Arkadaşınızla yazı/ okuma üzerine neler paylaşırsınız?
Yani biz aslında her şeyi paylaştığımızdan, bu soruya nasıl bir cevap vermeliyim bilemedim. İzlediğimiz filmleri, filmleri çekilen kitapları, okuduğumuz kitapları, okumayı düşündüğümüz kitapları, sevdiğimiz yazarları, edebiyat camiasını, yazdıklarımızı, yazmayı planladıklarımızı, okurken uykusuz kaldığımız romanları, beğendiğimiz köşe yazılarını, kimseye göstermediğimiz sadece kendimize yazdıklarımızı, bir gün yazmayı düşündüklerimizi, bazen de iş için bir basın bülteni metni ya da sosyal medya metnini paylaşırız.
Yazdıklarıyla ilgili sizden ne tür fikir/ öneri alır?

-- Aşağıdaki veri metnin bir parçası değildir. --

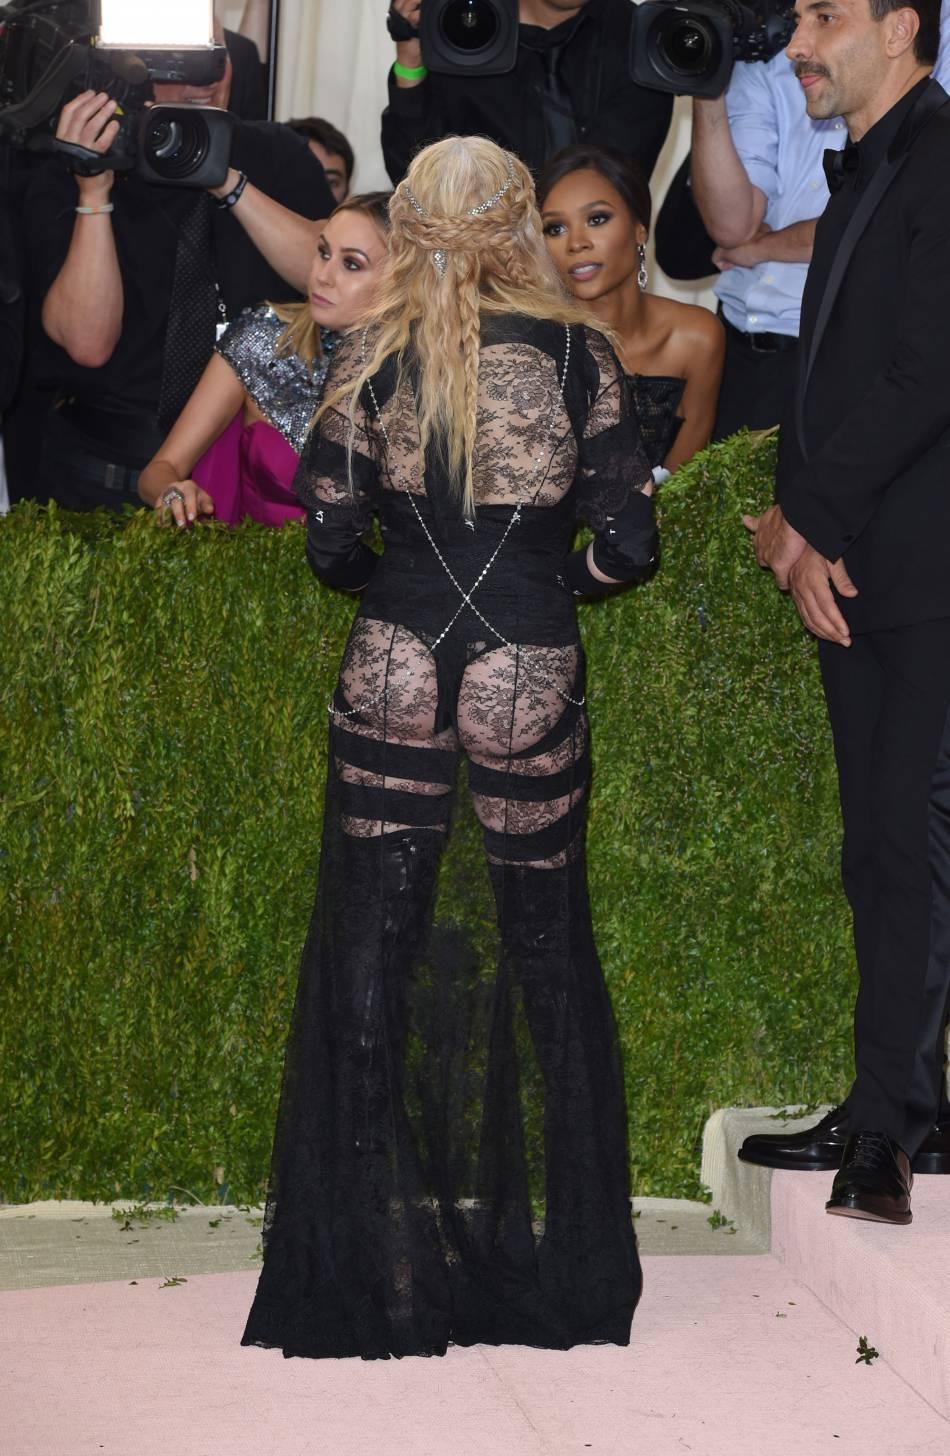 Madonna extravagante dans sa tenue osée, elle choque.

Evrensel’deki köşesi için eskiden gündem ne, ne yazılır diye konuşur, beyin fırtınası yapardık. Şimdi arada insanlara iyi gelebilecek ne yazılmalı diye konuşuyoruz. Bazen emin olamadığı bir şey olursa, fikir almak için gönderir. Yapıcı eleştiriyi gönülden kucaklar. Tüm sayfayı komple silip baştan ve daha emin başladığını çokça görmüşümdür; bu konuda üşendiğini ise, hiç görmemişimdir.
Yazı yazarken vazgeçemediği ritüelleri nelerdir?
Sigara ve kahve. Bazen bir şarap açtığı da olur, ama ana eşlikçisi kahvedir. Başta da dediğim gibi iki çocuklu çalışan bir kadın olarak, her ortamda yazmaya alışkındır Ayşen; ama en sevdiği cam önünde bir masada, sokağı izleyip şehrin seslerini dinleyerek yazmaktır.
Son olarak, elinde en son gördüğünüz kitapları öğrenebilir miyiz?
İyi bir yazar olduğu kadar çok da iyi bir okuyucudur, hızlı da okur. Son dönemde üzerine konuştuğumuz için bildiklerim; Sinem Sal – Bizim Zamanımız, Erkan Baş – Yaşamak İçin Sosyalizm, Ercüment Akdeniz – Sekizinci Kıta, Esra Kahraman – Son Mağara Balıkları ve Ece Temelkuran – Bu da Geçer.